# Goblin mini fill screw



## JackalR (4/9/15)

As title suggests looking for a goblin mini fill screw prefably in or around the Pretoria area

Thanks

Reactions: Like 1


----------



## Nooby (4/9/15)

Hey. There should be a spare which came with the box?


----------



## JackalR (4/9/15)

There is but I'm not at home


----------



## Rafique (4/9/15)

Golin mini comes with all spares EXCEPT the fill screw, the main one you need

Reactions: Informative 1


----------



## Nooby (4/9/15)

I'm sure I have 1 with the silicone o-ring for it as well.. Will check later


----------



## skola (4/9/15)

This doeasn't help @JackalR right now but there is a spare fill screw and o ring in the box. Just checked.


----------



## Rafique (5/9/15)

I have the lemaga goblin mini clone no spare fill screw


----------



## shabbar (5/9/15)

Rafique said:


> I have the lemaga goblin mini clone no spare fill screw



the UD is the authentic and should have spares


----------



## JackalR (9/9/15)

@shabbar 
I've got the UD and found no spare filler screw. Only spare screws are the post screws and o rings for the glass seals

Luckily after an hours search the screw turned up but note to self don't refill in a car even if you're in a parking lot


----------



## shabbar (9/9/15)

eeeeeeeek , my glass cracked.


----------



## SAVapeGear (9/9/15)

shabbar said:


> eeeeeeeek , my glass cracked.


See.That is what happens when you buy a clone.

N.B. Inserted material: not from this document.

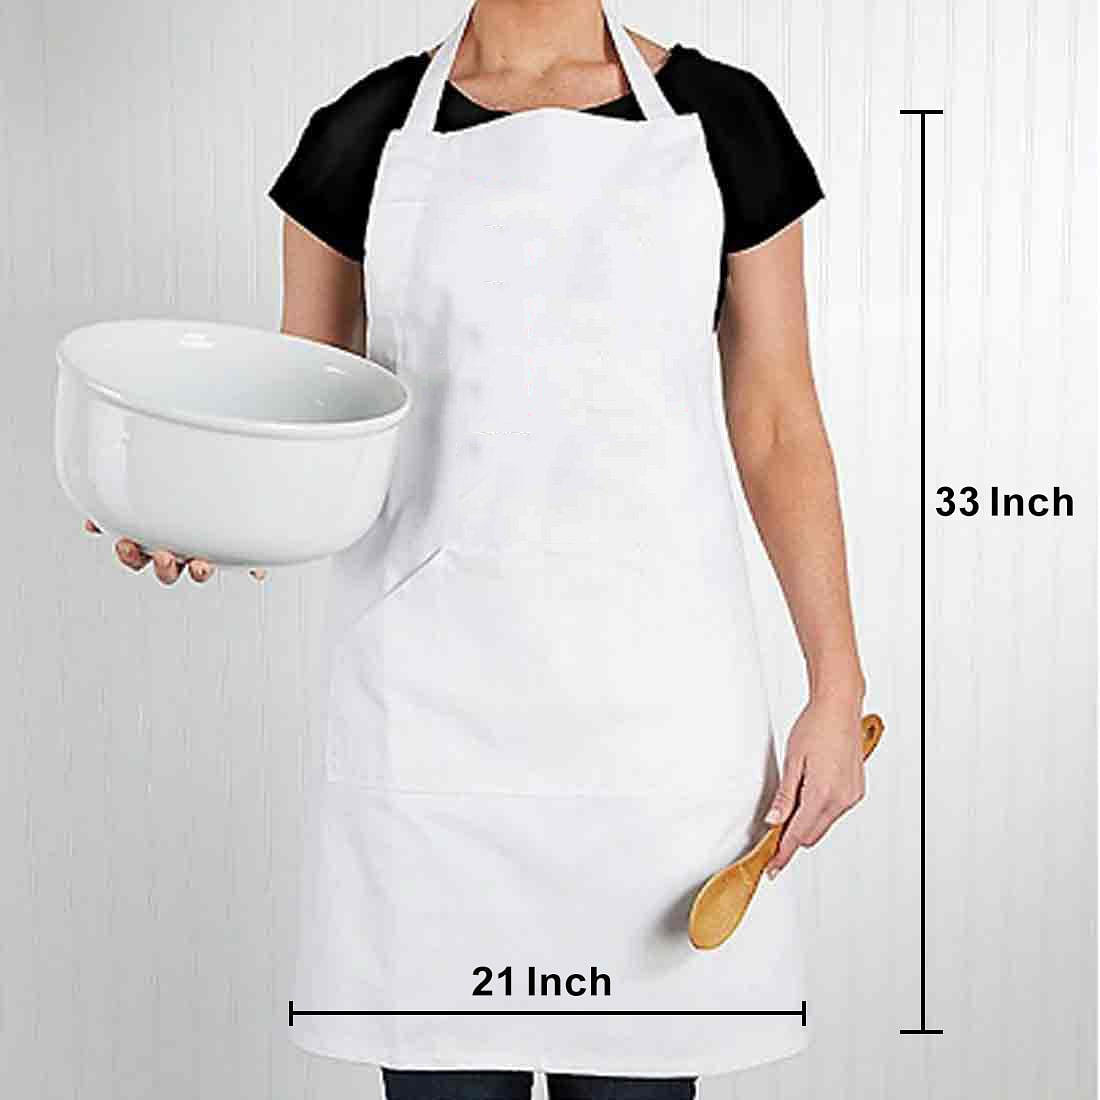 Apron For Kitchen for Mom Mothers Day Gift  - Mommy Nutcase

And also,I don't think it is made for Clapton Builds.


----------



## shabbar (9/9/15)

SAVapeGear said:


> See.That is what happens when you buy a clone.
> 
> And also,I don't think it is made for Clapton Builds.




 for the price i paid for it i'm not going to complain. works fine no leaks or dry hits. looks and feels like the real thing


----------